1. An enzymatic RNA molecule which cleaves rel A mRNA.

2. An enzymatic RNA molecule of claim 1, the binding arms of which contain sequences complementary to the sequences defined in Table II.

3. The enzymatic RNA molecule of claim 1, the binding arms of which contain sequences complementary to the sequences defined in any one of Tables III, and IV-VII

4. The enzymatic RNA molecule of claim 1, 2, or 3, wherein said RNA molecule is in a hammerhead motif.

5. The enzymatic RNA molecule of claim 1, 2, or 3, wherein said RNA molecule is in a hairpin, hepatitis delta virus, group 1 intron, VS RNA or RNAseP RNA motif.

6. The enzymatic RNA molecule of claim 6, wherein said ribozyme comprises between 12 and 100 bases complementary to said mRNA.

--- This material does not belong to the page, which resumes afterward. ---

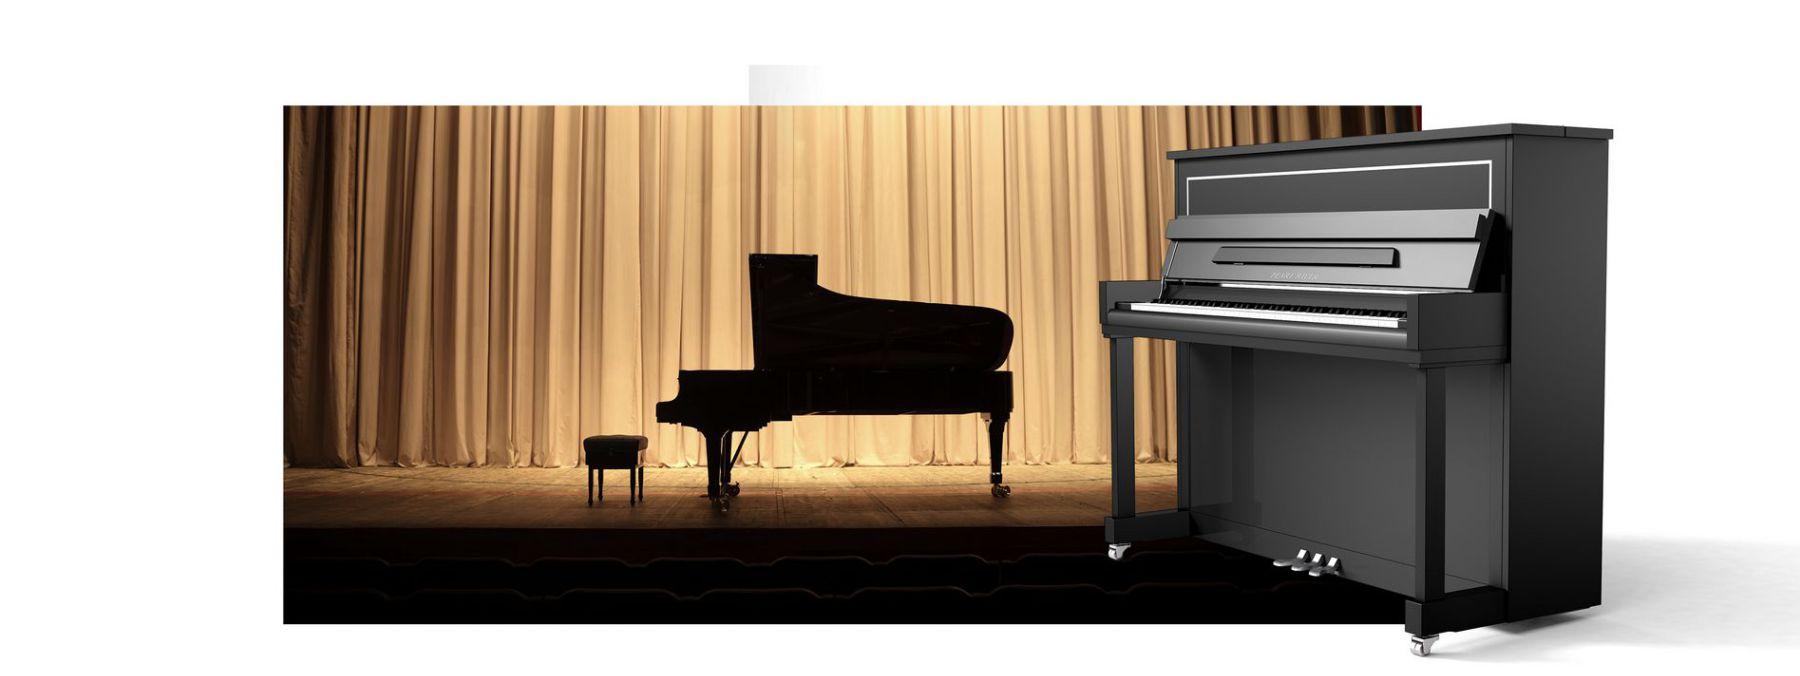 Skelley Piano Pearl River2

7. The enzymatic RNA molecule of claim 6, wherein said ribozyme comprises between 14 and 24 bases complementary to said mRNA.

8. Enzymatic RNA molecule consisting essentially of any sequence selected from the group of those shown in Tables IV, V, VI, and VII.

9. A mammalian cell including an enzymatic RNA molecule of claim 1, 2, or 3.

10. The cell of claim 8, wherein said cell is a human cell.

11. An expression vector including nucleic acid encoding an enzymatic RNA molecule or multiple enzymatic molecules of claim 1, 2, or 3 in a manner which allows expression of that enzymatic RNA molecule(s) within a mammalian cell.

12. A mammalian cell including an expression vector of claim 11.

13. The cell of claim 13, wherein said cell is a human cell.

14. A method for treatment of a condition related to the level of NF-κB activity by administering to a patient an enzymatic nucleic acid molecule of claim 1, 2, or 3,

15. A method for treatment of a condition related to the level of NF-κB activity by administering to a patient an expression vector of claim 11.

16. The method of claim 14 or 15, wherein said patient is a human.

17. The method of claim 14 wherein said condition is selected from the group consisting of restenosis, rheumatoid arthritis, asthma, inflammatory or autoimmune disorders, and transplant rejection.

18. The method of claim 15 wherein said condition is selected from the group consisting of restenosis, rheumatoid arthritis, asthma, inflammatory or autoimmune disorders, and transplant rejection.